►

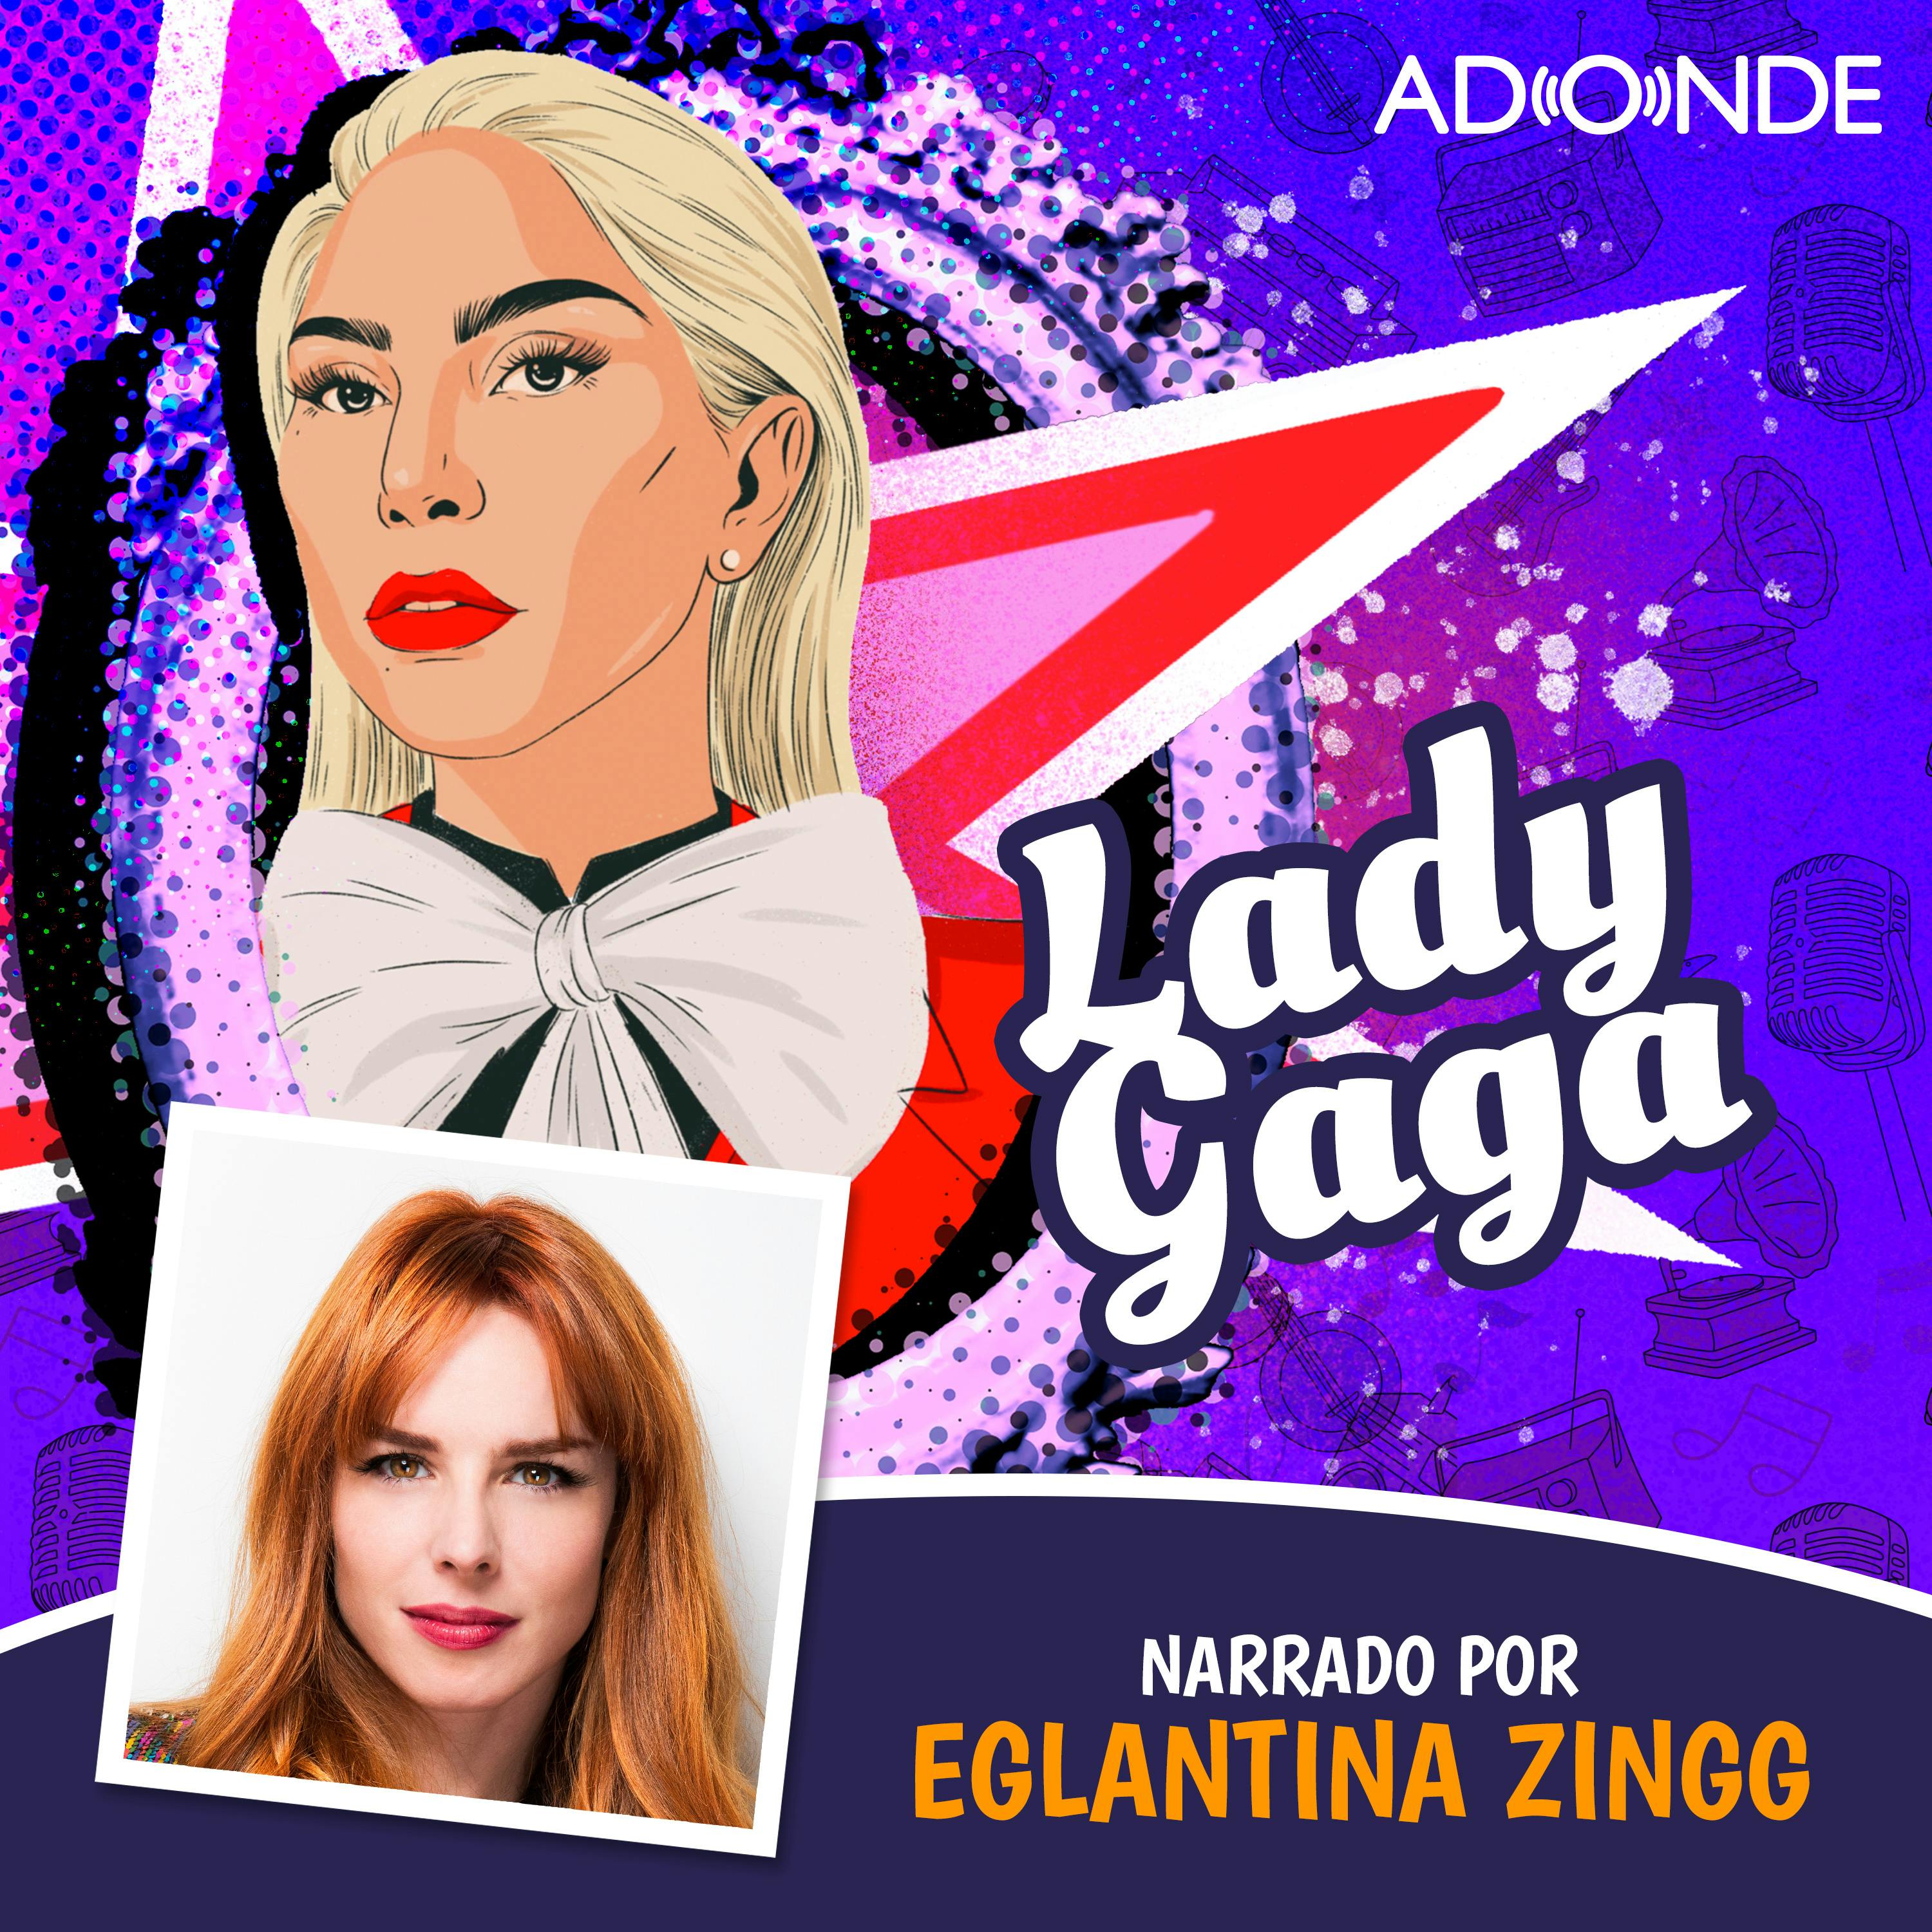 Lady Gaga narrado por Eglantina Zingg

◄
►

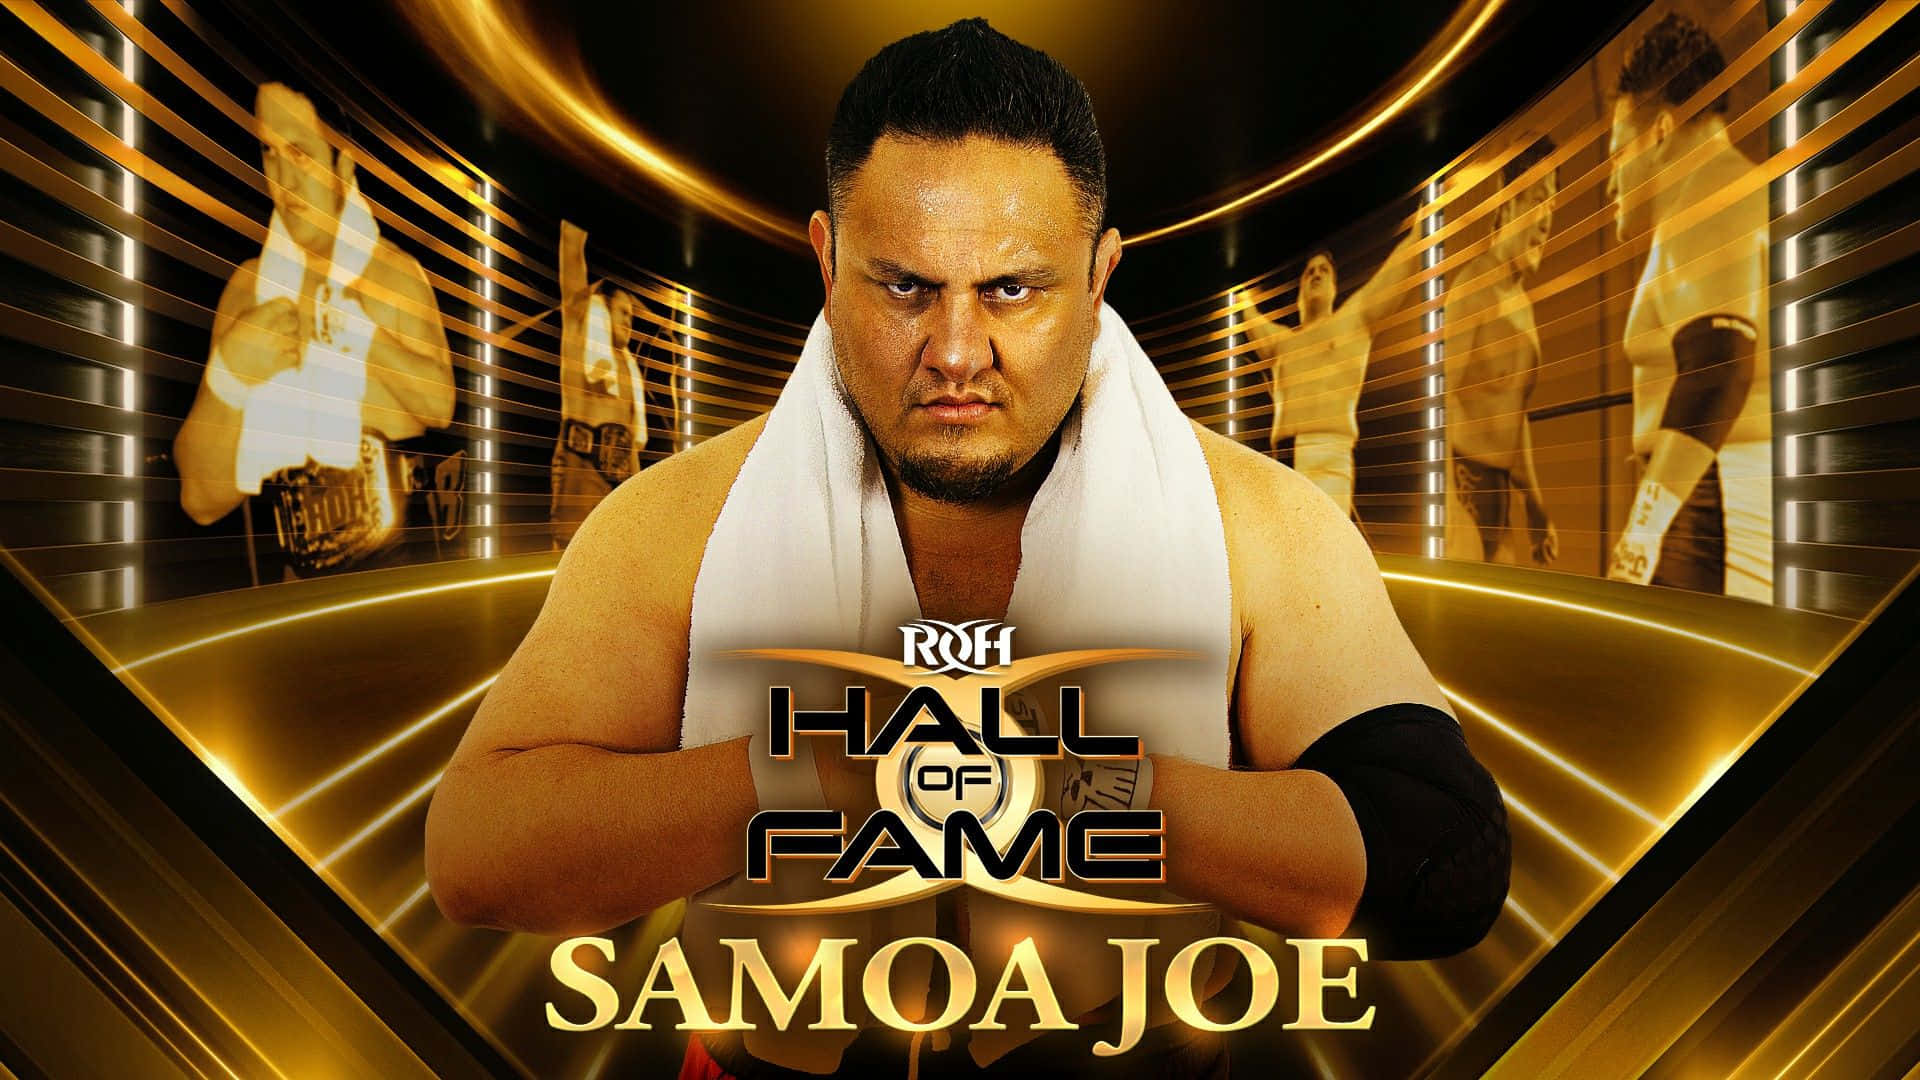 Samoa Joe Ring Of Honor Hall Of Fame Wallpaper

◄
►

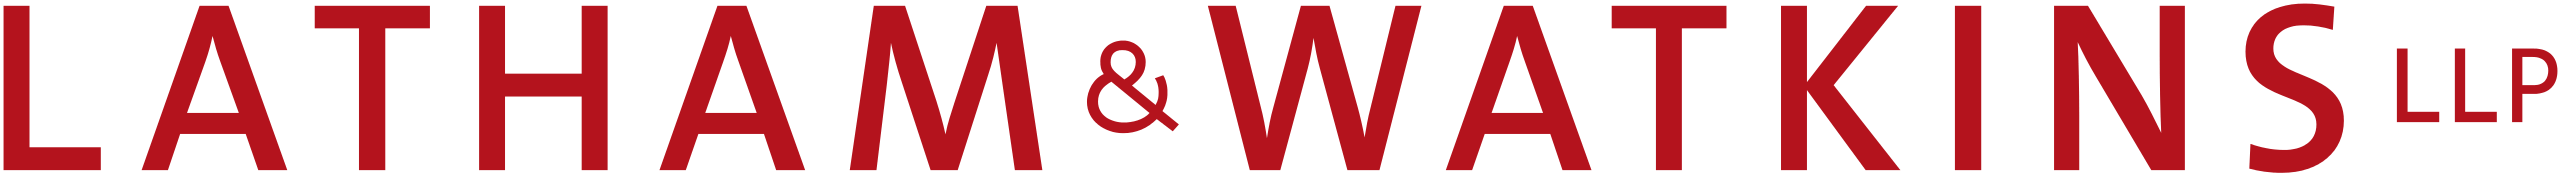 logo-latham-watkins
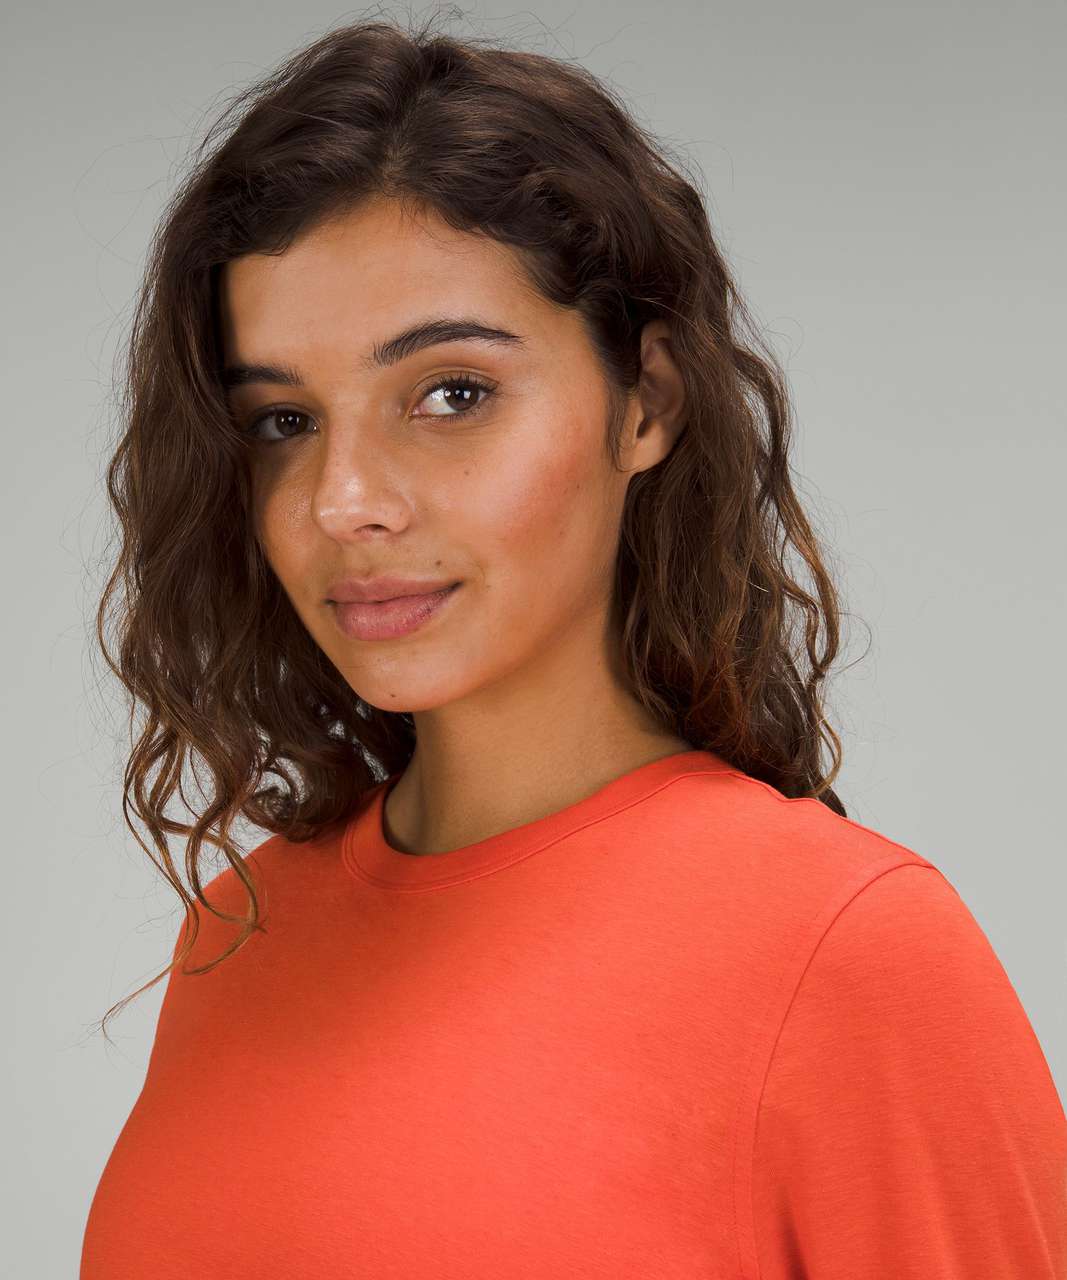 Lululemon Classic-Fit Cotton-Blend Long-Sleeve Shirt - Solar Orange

◄

DIRECTIONS FOR THIS TASK. Both the line above containing "logo-latham-watkins" and the line containing "Lululemon Classic-Fit Cotton-Blend" belong in the copy, along with every line between them; print these exactly and omit the pictures.

OUTPUT FOR THIS EXERCISE.
 logo-latham-watkins
 Lululemon Classic-Fit Cotton-Blend Long-Sleeve Shirt - Solar Orange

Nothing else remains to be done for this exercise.